- Born: May 23, 1818 Columbia, Tennessee, U.S.
- Died: October 4, 1894 (aged 76) New Bedford, Massachusetts, U.S.
- Occupation: Minister

Religious life
- Religion: Baptist

= Edmund Kelly (Baptist minister) =

Edmund Kelly (May 23, 1818 - October 4, 1894) was the first African-American Baptist minister ordained in Tennessee. He escaped slavery in the 1840s to New England and returned after the US Civil War. He worked as a preacher and teacher in Columbia, Tennessee and was a frequent participant in national Baptist Conventions.

==Early life==
Edmund Kelly or Kelley was born in Columbia, Tennessee on May 23, 1818, to Edmund Kelly, an emigrant from Dublin, Ireland, and an enslaved woman, Kittie White, who was also born in Columbia. His father wished to buy the freedom of his mother and son, but was not able. When Edmund was six, his mother was sold away and he and his sister remained. In 1833, Kelly was hired by a school-master to run errands and serve as a table waiter. Kelly saw the advantage of an education, and in secret gave candies to students who came to the house in exchange for a speller, a child's English textbook, and lessons. When the mistress of the house discovered Kelly's learning to write, she was upset, but because those responsible were children, nothing was done and Kelly continued to learn, although he never attended a formal school. He married in September 1839.

==Career==
In April 1837 Kelly was baptized and joined a missionary church in Columbia. He was born to the Catholicism of his father, but was convinced by the Baptist teachings. On May 19, 1842, he was licensed to preach from the Mission Baptist Church at Columbia, and on October 1 of that year he was ordained by Rev. R. B. C. Harell and the First Baptist Church of Nashville to be an evangelist. His first posting was at the Mt. Lebanon Baptist Church in 1843, which at that time had only six members. This posting made him the first black Baptist preacher ordained in Tennessee. He is also credited for organizing the First Negro Baptist Church in Columbia in 1843.

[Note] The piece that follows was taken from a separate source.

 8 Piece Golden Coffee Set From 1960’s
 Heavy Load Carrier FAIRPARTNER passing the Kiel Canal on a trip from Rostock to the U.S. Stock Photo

===Escape to New England===
Around this time, he escaped from slavery on the underground railroad to Massachusetts. He then purchased the freedom of his wife and four children for twenty-eight hundred dollars. For this purpose, he collected money in New England and in England. While in England, it was recommended to him that he purchase not only his family's freedom, but also his own, so that he would not be captured under the Fugitive Slave Act. His children included J. H. Kelly, a teacher in Columbia and W. D. Kelly who was a member of the 54th Massachusetts Infantry Regiment in the US Civil War. In 1848, he organized the 12th Baptist Church in Boston, Massachusetts.

Free, Kelly moved to New Bedford, Massachusetts, where he was a prominent leader in the local church and the national American Baptist Conventions. In 1845 along with Thomas T. Allen he became leader of the newly founded Second Baptist Church of New Bedford, Massachusetts which was dedicated in January of that year. Allen served as the head pastor for three years, followed by William Jackson and then Cummings Bray. In 1855, Jackson returned to lead the church, and in 1858 left to form the Salem Baptist Church. Kelly again took charge, but only for a short time. In 1857, Kelly was a preacher in Philadelphia. That year, he preached at the American Convention of Colored Baptists in Boston and served as its president. He preached at the 1864 convention as well. That year, he was still preaching in New Bedford. On May 10, 1864, he founded the Shiloh Baptist Church in Newport, Rhode Island in a house at 73 Levin Street owned by Esther Brinley. William James Barnett was installed as the first pastor, followed shortly by Theodore Valentine.

===Return to Tennessee===
After the civil war, Kelly returned to the south. He first moved to Arlington, Virginia where, in 1866, he organized the Zion Baptist Church. He then moved back to Columbia, Tennessee where he preached and taught. Kelly, in 1869, was assaulted in Columbia in a political dispute. In 1870 he organized a school for blacks at D. T. Chappell's, who supported the endeavor. He did not receive regular pay for his work. Among Kelly's students was a young nephew of his, who was the father of Lyman T. Johnson.

===Return to New England===
After about six years in the South, Kelly faced a dispute in the church over the use of alcohol, and in 1873 he returned to New England. He moved to Portsmouth, New Hampshire and organized the Mount Olivet Baptist Church. Around that time, he also organized three other churches, Calvary Baptist Church in Haverhill, Massachusetts in 1873; Calvary Baptist Church in Hartford, Connecticut in 1874, and the Myrtle Baptist Church in West Newton, Massachusetts in 1874.

Kelly attended the 1876 Conference of Baptist Ministers in Philadelphia.

Kelly wrote numerous pamphlets, which were praised by Bishop Daniel Payne. By 1887, he had returned to New Bedford, Massachusetts, where he continued to teach and preach, although he had become aged and blind.

==Death==
On October 4, 1894, Kelly died of paralysis of the brain in New Bedford, Massachusetts.